Many celebrities such as J.K Rowling, Drake Bell, or Tracey Morgan have been accused of posting anti-LGBTQ comments. While some of these celebrities have since apologised, their comments can be largely influential on how their fanbases think.

Additionally, many reporters and journalists use celebrities’ identities as a source of entertainment because they are so high-profile.

For example, two weeks ago, Rebel Wilson posted a photo of herself with her female partner Ramona Agruma. It was later revealed that The Sydney Morning Herald found out about Wilson’s relationship and planned to release an article about it, causing Wilson to post about her relationship first.

Wilson later tweeted, “it was a very hard situation but [I’m] trying to handle it with grace.”

Queer censorship on social media is also a huge issue.
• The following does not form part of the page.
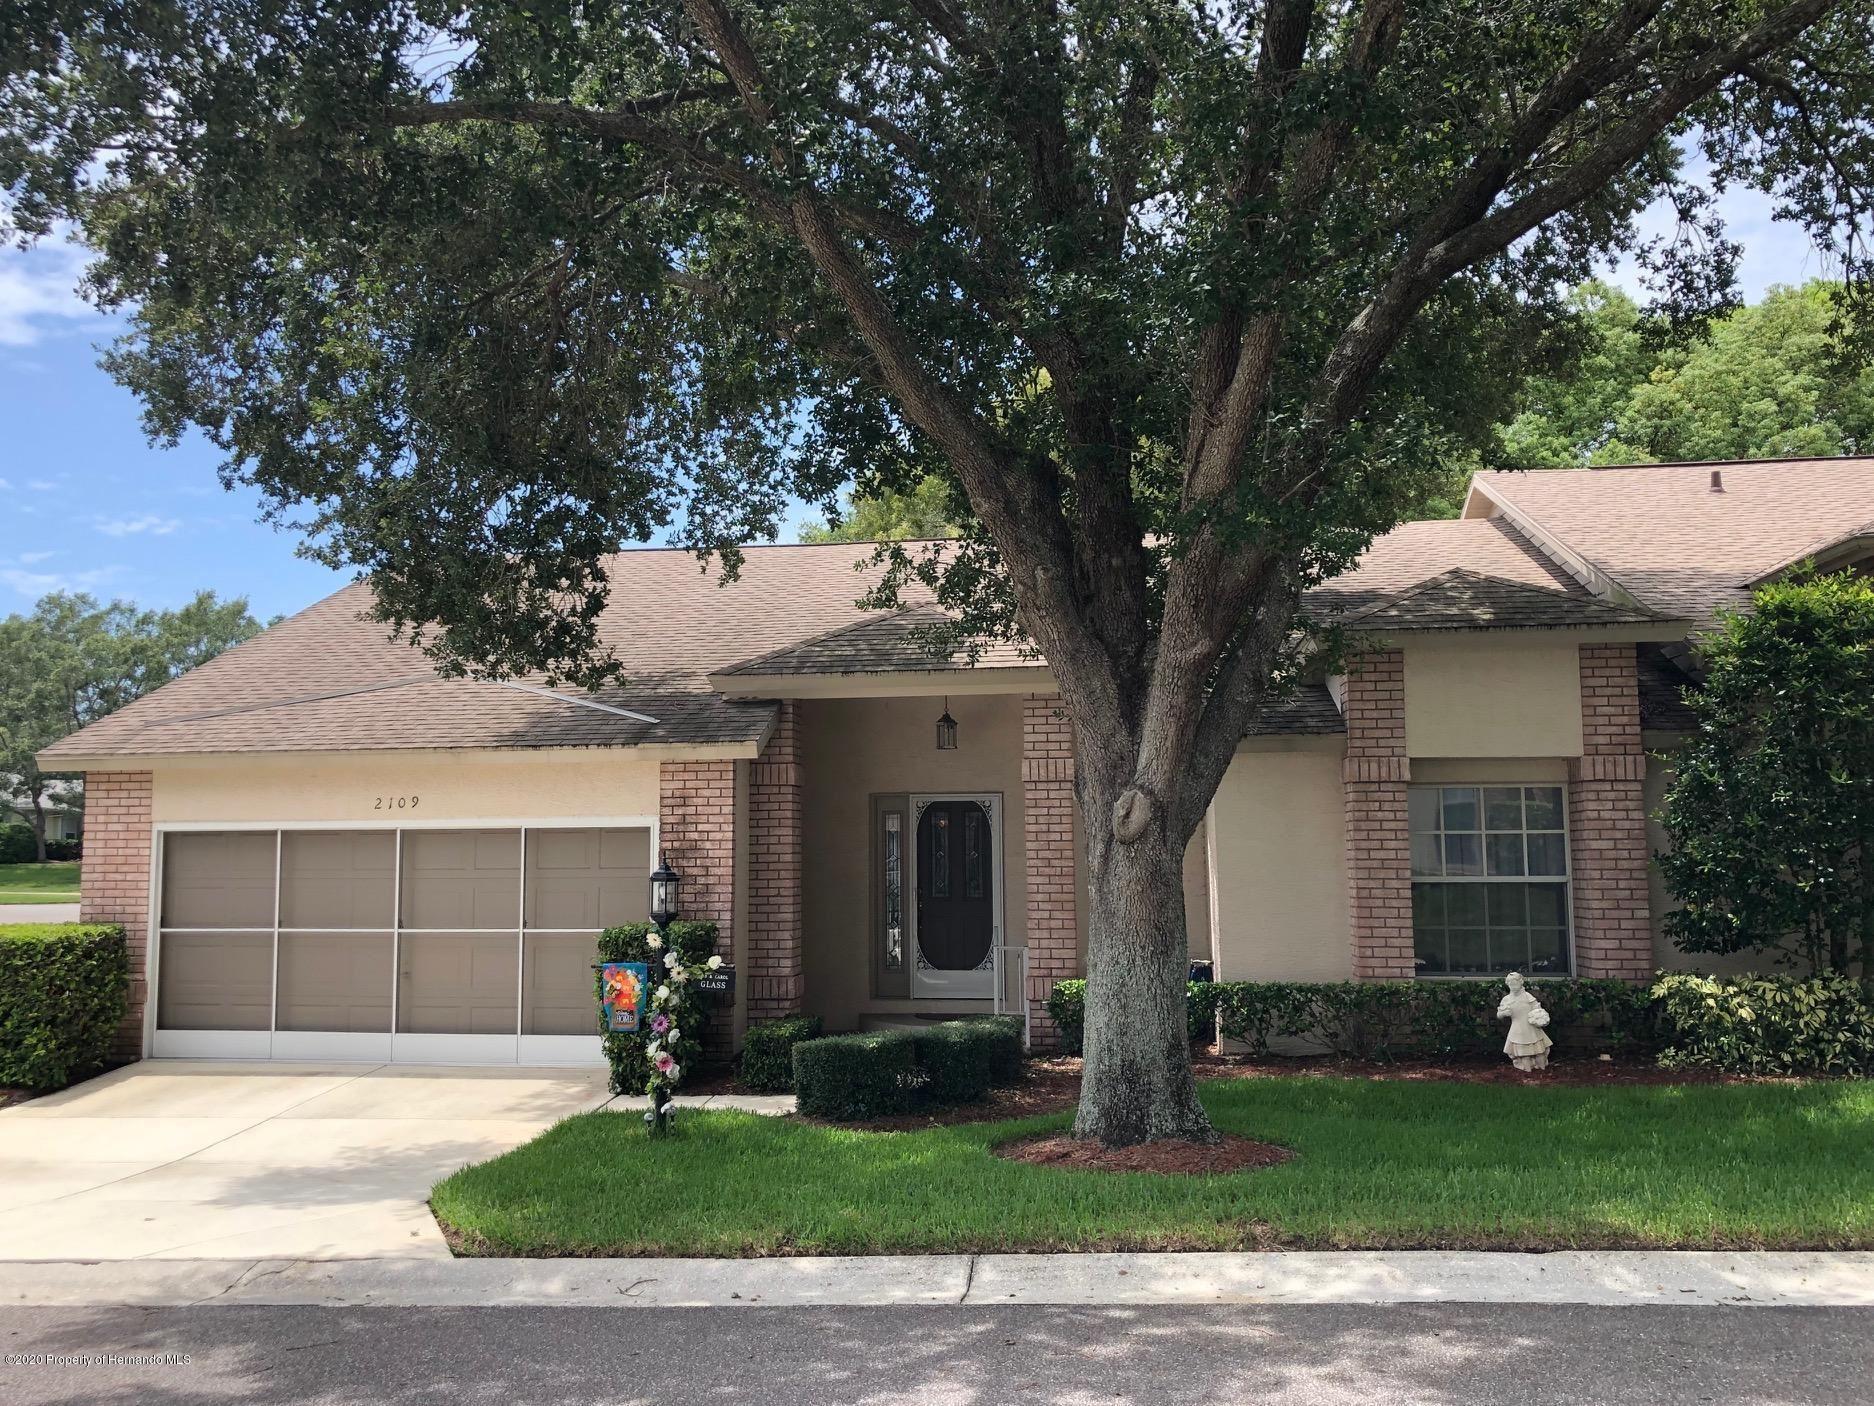 2109 Springmeadow Drive, Spring Hill, FL 34606 - MLS#: 2210807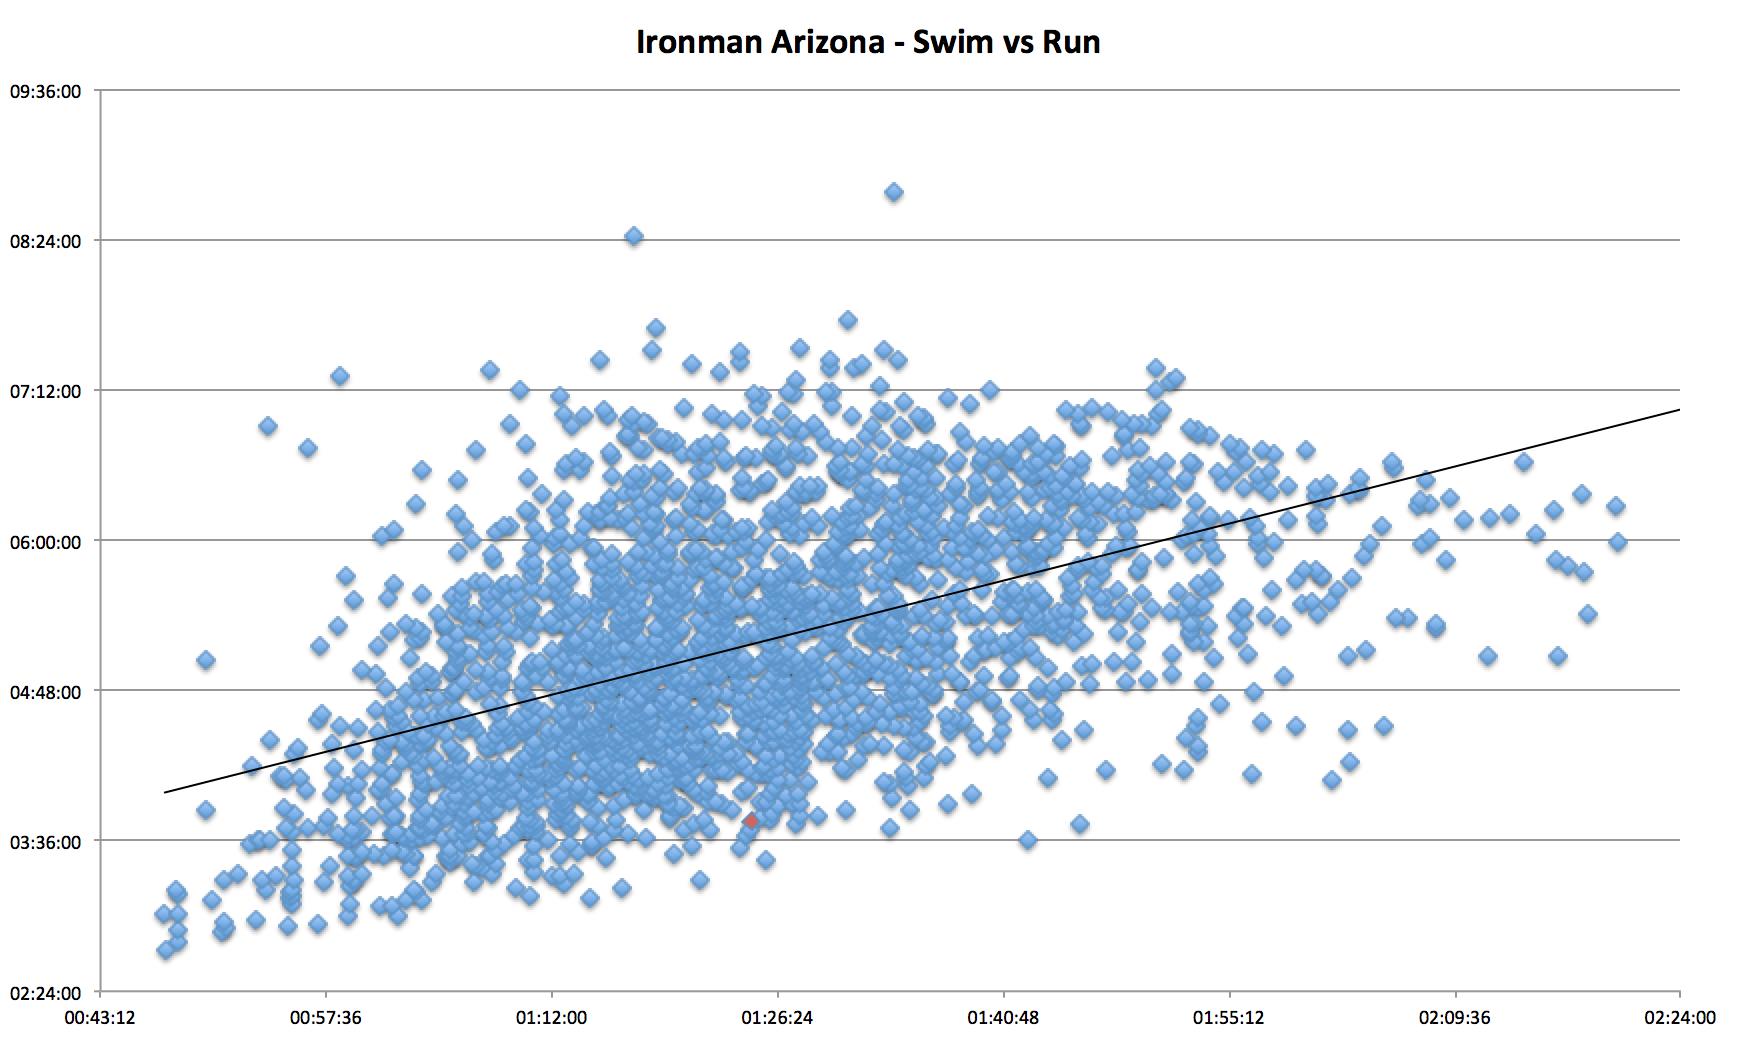 ironman_arizona_swim_vs_run

As of December 2018, Facebook has about 15,000 moderators who have a split-second to decide which terms are appropriate and which aren’t.

While this oversight does help keep the community safe, a lot of LGBTQ+ posts have been censored by these moderators, making it harder for those in the queer community who are not celebrities to post about their lives.

Activist Greta Christina posted a picture of herself and her partner at the San Fransisco’s Dyke March, hash-tagging the post with the word ‘dyke.’ Facebook quickly banned the post for hate speech purposes after her choice of language in the hashtag.

While ‘dyke’ has been historically used as a slur for queer women, it is now known as a reclaimed word. Facebook, however, took it down for hate speech.

For a celebrities or individuals with large social followings, their censored content is easier to retrieve. A member of the queer community without such fame may not be as lucky, giving them less online freedom than an influencer.

Ultimately, while social media is a great way to build community, inclusivity, and help others gain the confidence they may be missing, it can also send the wrong message or mislead others into believing the wrong ideas.